A boa imprensa esportiva do Brasil tem combatido essa tara [clubismo, indisciplina, e etc.]. Às vezes esse trabalho tem sido inútil, mas outras vezes tem feito milagres para o nosso meio, sempre desde muito tempo afetado de maus educadores e orientadores na imprensa especializada, os quais são, em grande parte, culpados pela atrasada mentalidade, pelos maus hábitos, pela nossa indisciplina esportiva.180

Possivelmente, o principal marcador prático de diferenças entre as concepções de esporte vislumbradas pelo carioca e pelo ítalo-brasileiro pode ser avaliado no período do dissídio esportivo. Do lado do Rio de Janeiro, Mário Filho era um dos maiores fomentadores do movimento ao lado de alguns jogadores e de seus sócios Arnaldo Guinle e José Padilha.
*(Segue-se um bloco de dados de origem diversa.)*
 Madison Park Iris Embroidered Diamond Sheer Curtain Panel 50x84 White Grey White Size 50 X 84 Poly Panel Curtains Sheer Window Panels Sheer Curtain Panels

Do lado paulista, Mazzoni ressentia-se dos prejuízos esportivos de ordem nacional causados pela briga entre amadoristas e profissionalistas, e clamava por uma ordem de consenso que trouxesse sucesso e progresso para o esporte brasileiro.
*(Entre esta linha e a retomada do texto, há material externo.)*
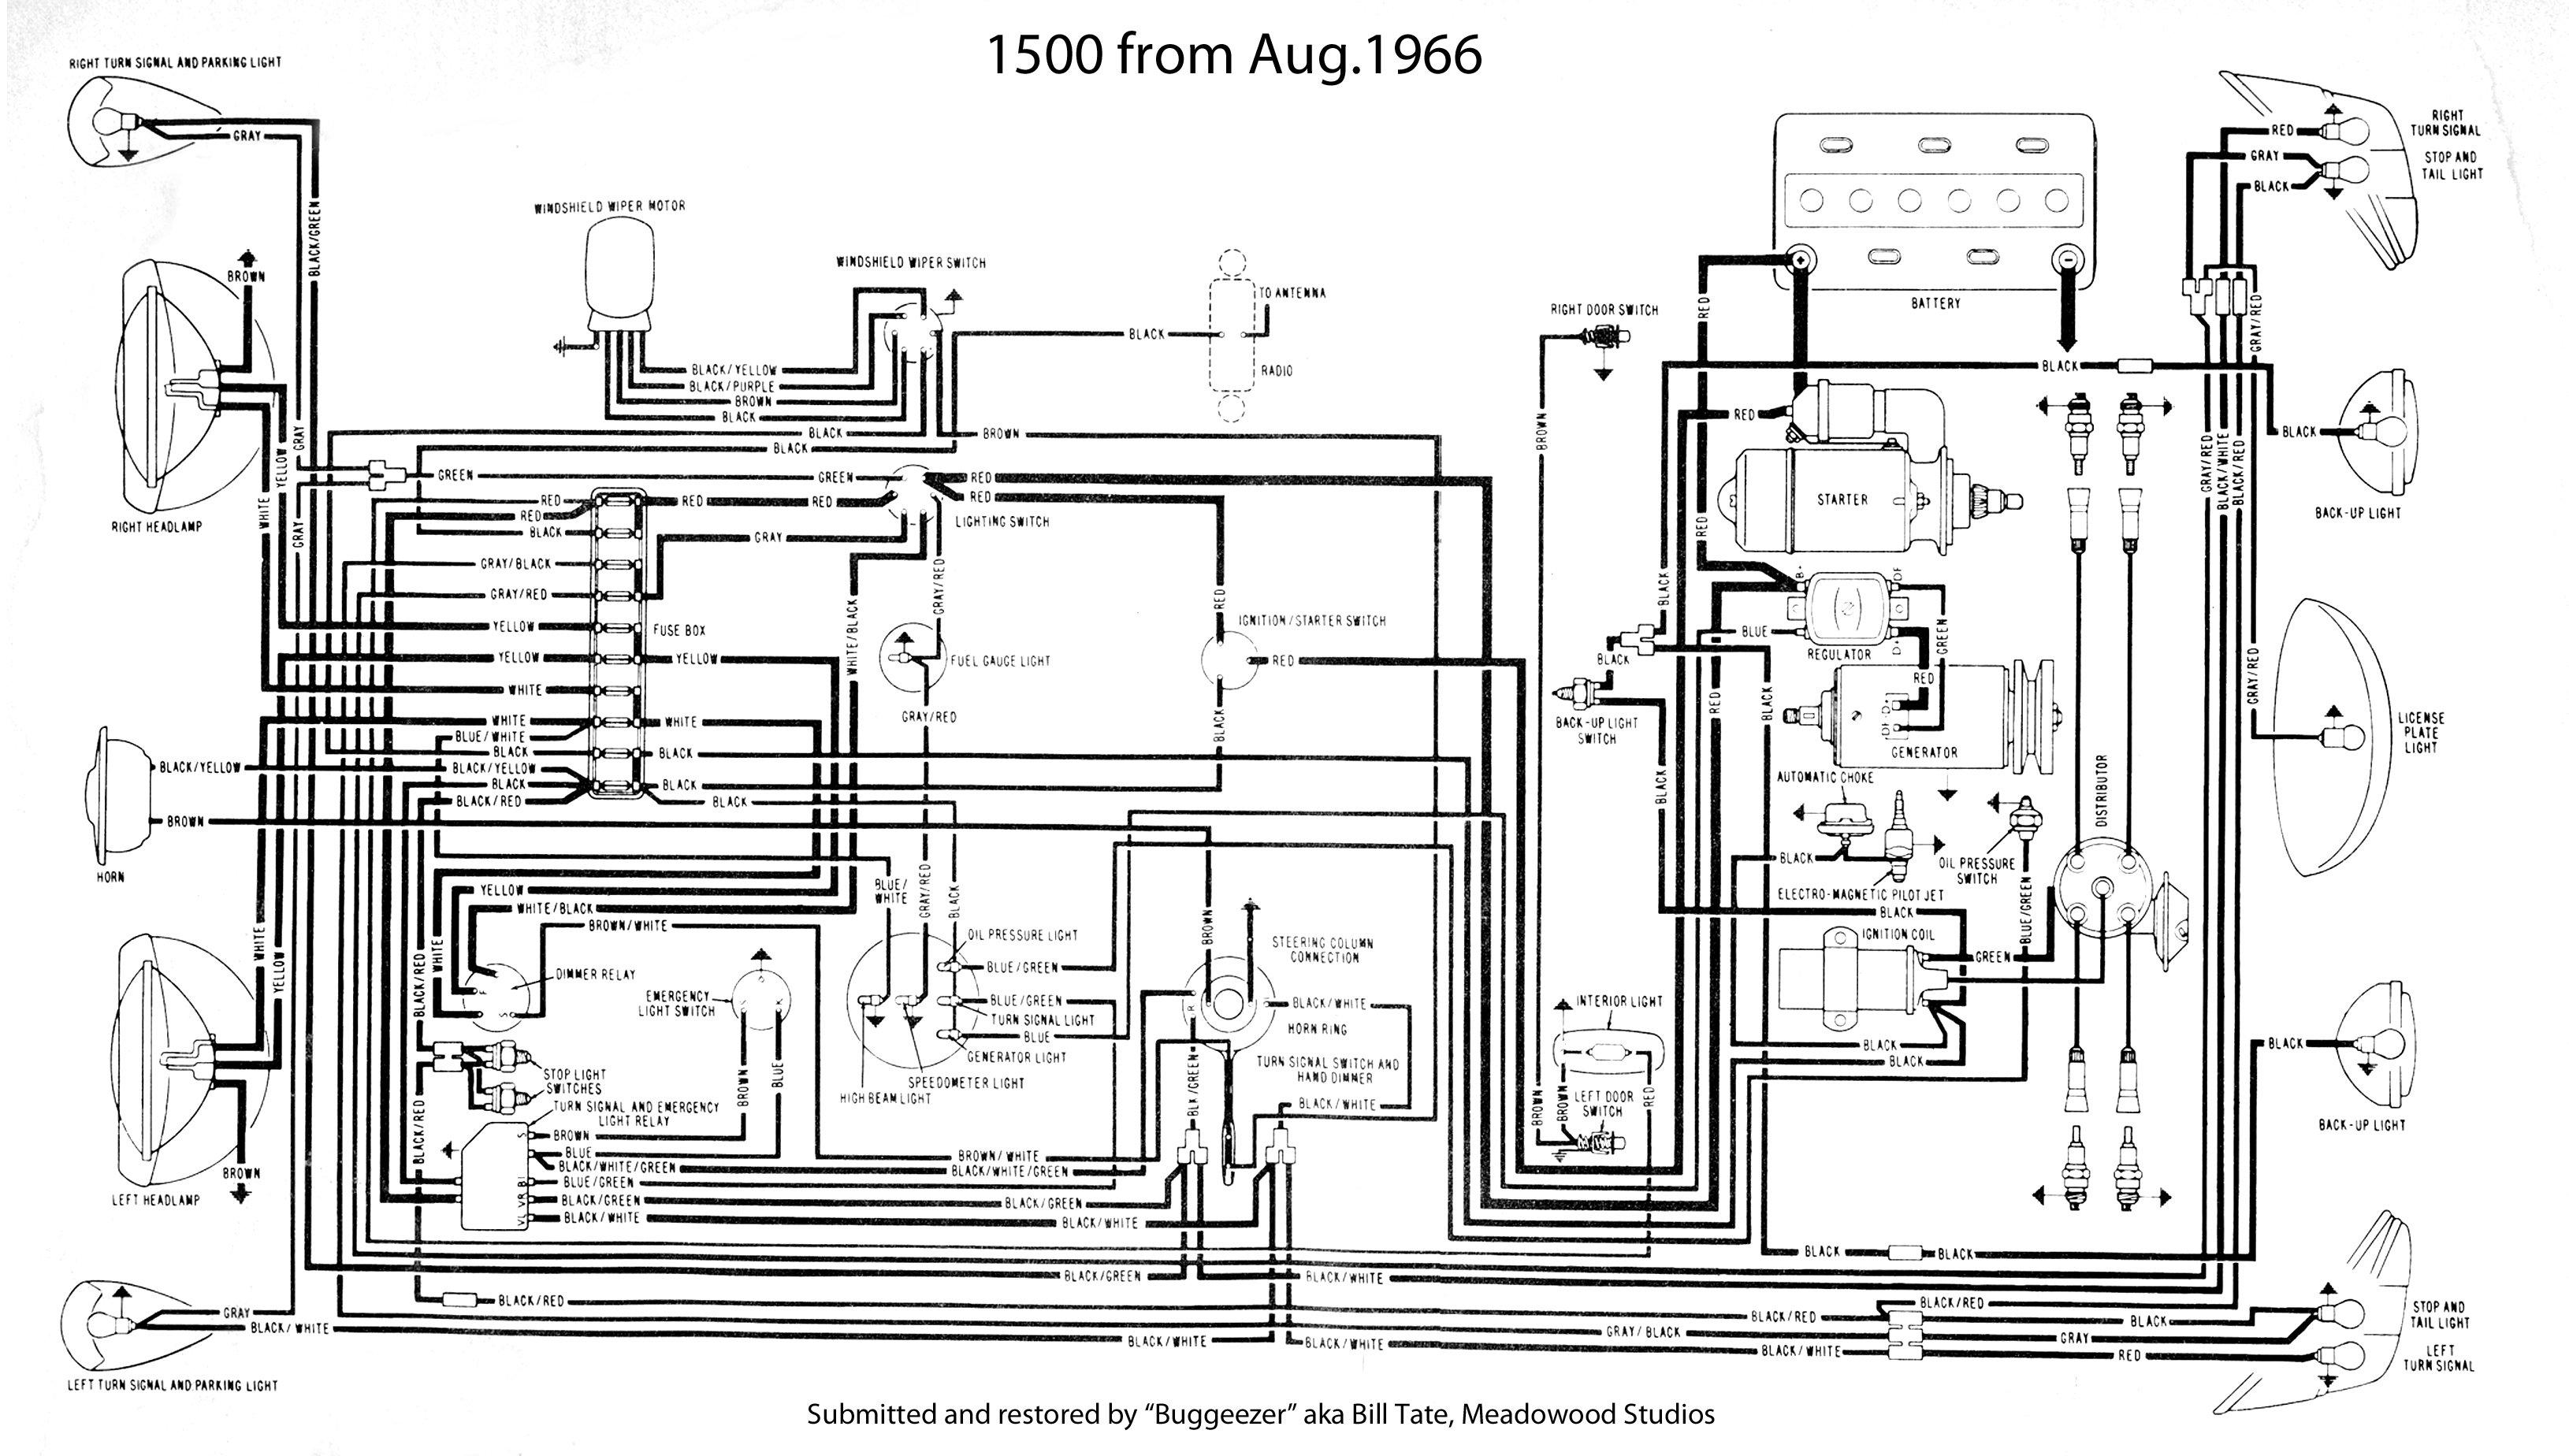 vw coil wiring diagram universal turing machine air cooled distributor free engine image

178 Mazzoni, Problemas e aspectos, p. 179. 179 Mazzoni, Problemas e aspectos, p. 31. 180 Idem.

Não é necessária muita reflexão para concluir que a postura de Mazzoni era muito mais simpática aos propósitos do Estado do que a de Mário Filho. A proximidade de Mazzoni com os valores estatais para o esporte ganhou um importante atestado em 1938, quando por ocasião do encerramento da Copa do Mundo o editor da GE publicou o livro O Brasil na Taça de 1938, cujo Prefácio foi escrito pelo próprio presidente da CBD, Luiz Aranha181.
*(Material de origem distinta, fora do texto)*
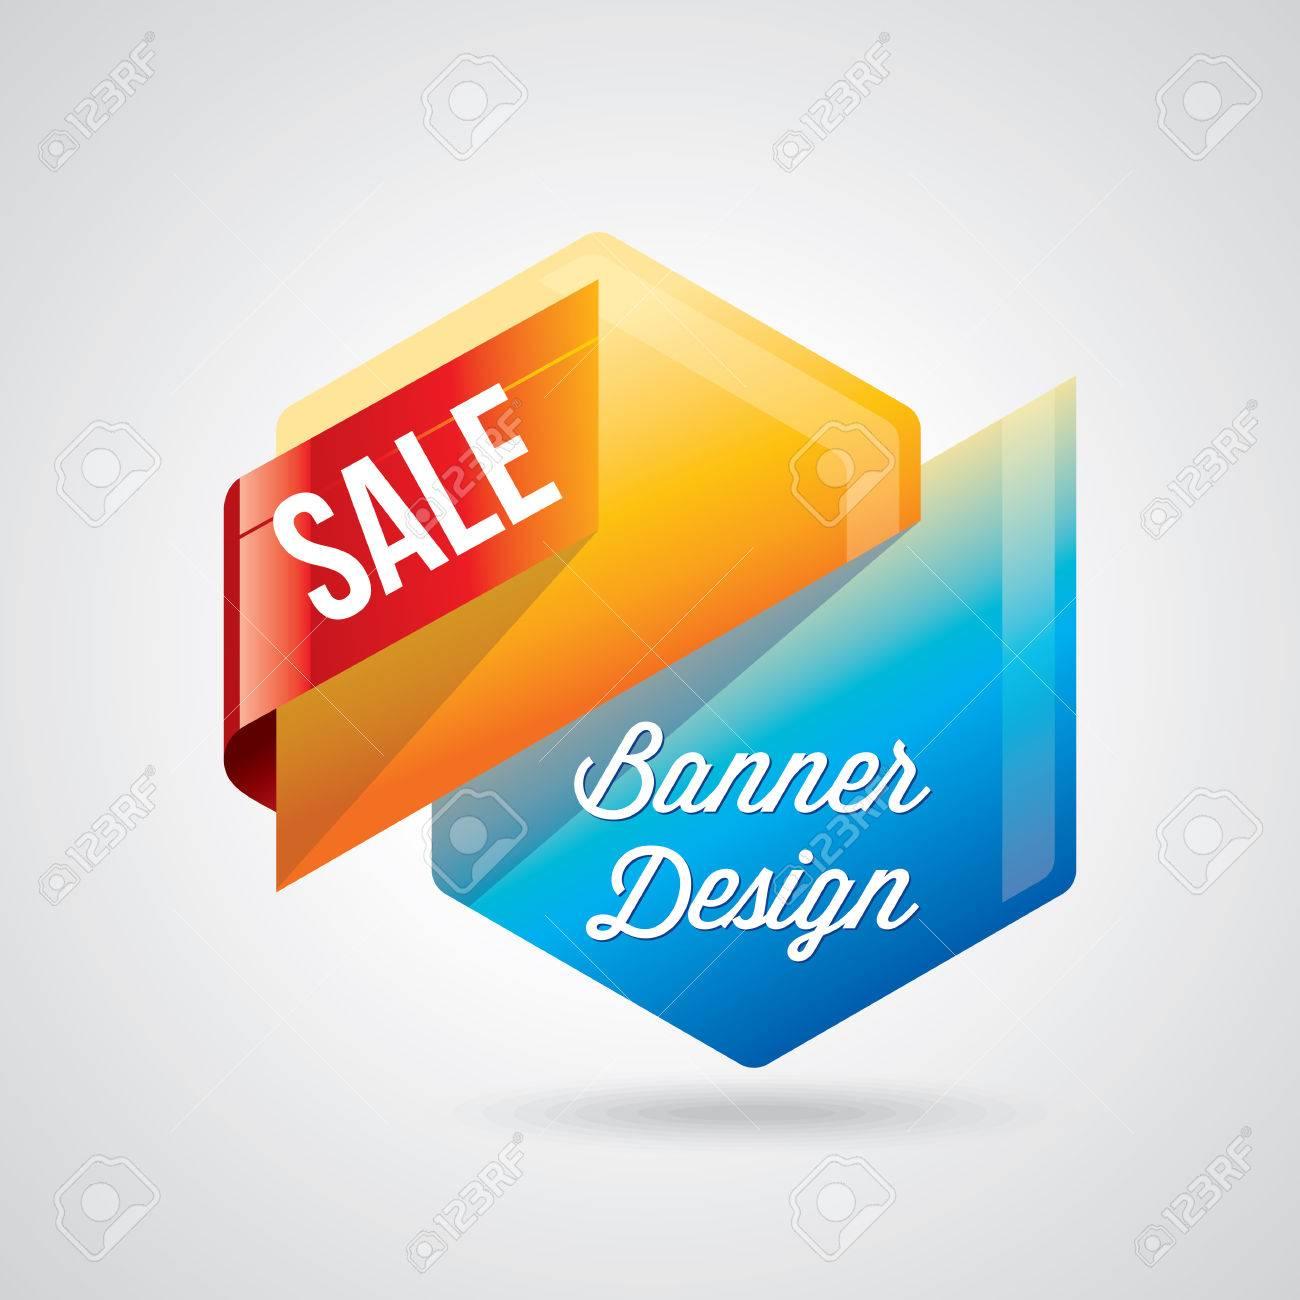 Colorful promotional banner design vector illustration - 41602758

É pertinente pontuar que Mário Filho, à época muito mais influente que Mazzoni, também esteve na França para a cobertura esportiva da Copa de 1938. O fato de o presidente da CBD, homem de confiança de Vargas, ter tomado parte na publicação do paulista é um indicador do início de uma mudança na correlação de forças entre Estado brasileiro e mídia esportiva ao final da década de 1930.

O Jornal dos Sports tinha, tal como A Gazeta Esportiva, uma linha editorial de perfil bastante nacionalista. No jornal carioca, o nacionalismo se manifestava com um viés popular- integracionista via esporte, notadamente o futebol. No jornal paulista, o nacionalismo se manifestava de forma moralista. O carioca era franco defensor do regime profissional de futebol. O paulista tinha simpatia pela ética do esporte amador.

Mazzoni expressava seu nacionalismo de forma idealista, no sentido de acreditar no progresso do esporte nacional e colocar seu jornal a serviço dessa proposta. Estava genuinamente interessado no desenvolvimento do esporte no país e se incomodava profundamente com os desmandos ocorridos no campo esportivo brasileiro entre os anos 1920 e o início dos anos 1930. Por outro lado, Mário Filho estava fazendo muito dinheiro para si e para seus sócios com o estilo sensacionalista de seu jornal, e não tinha pudor em fomentar a polêmica e a discórdia, externando em seu jornal os pontos de vista mais diversos e controversos.

O protagonismo de Mazzoni na mídia esportiva em nível nacional tornou-se mais evidente quando o regime de Esporte de Estado foi definitivamente instalado no Brasil.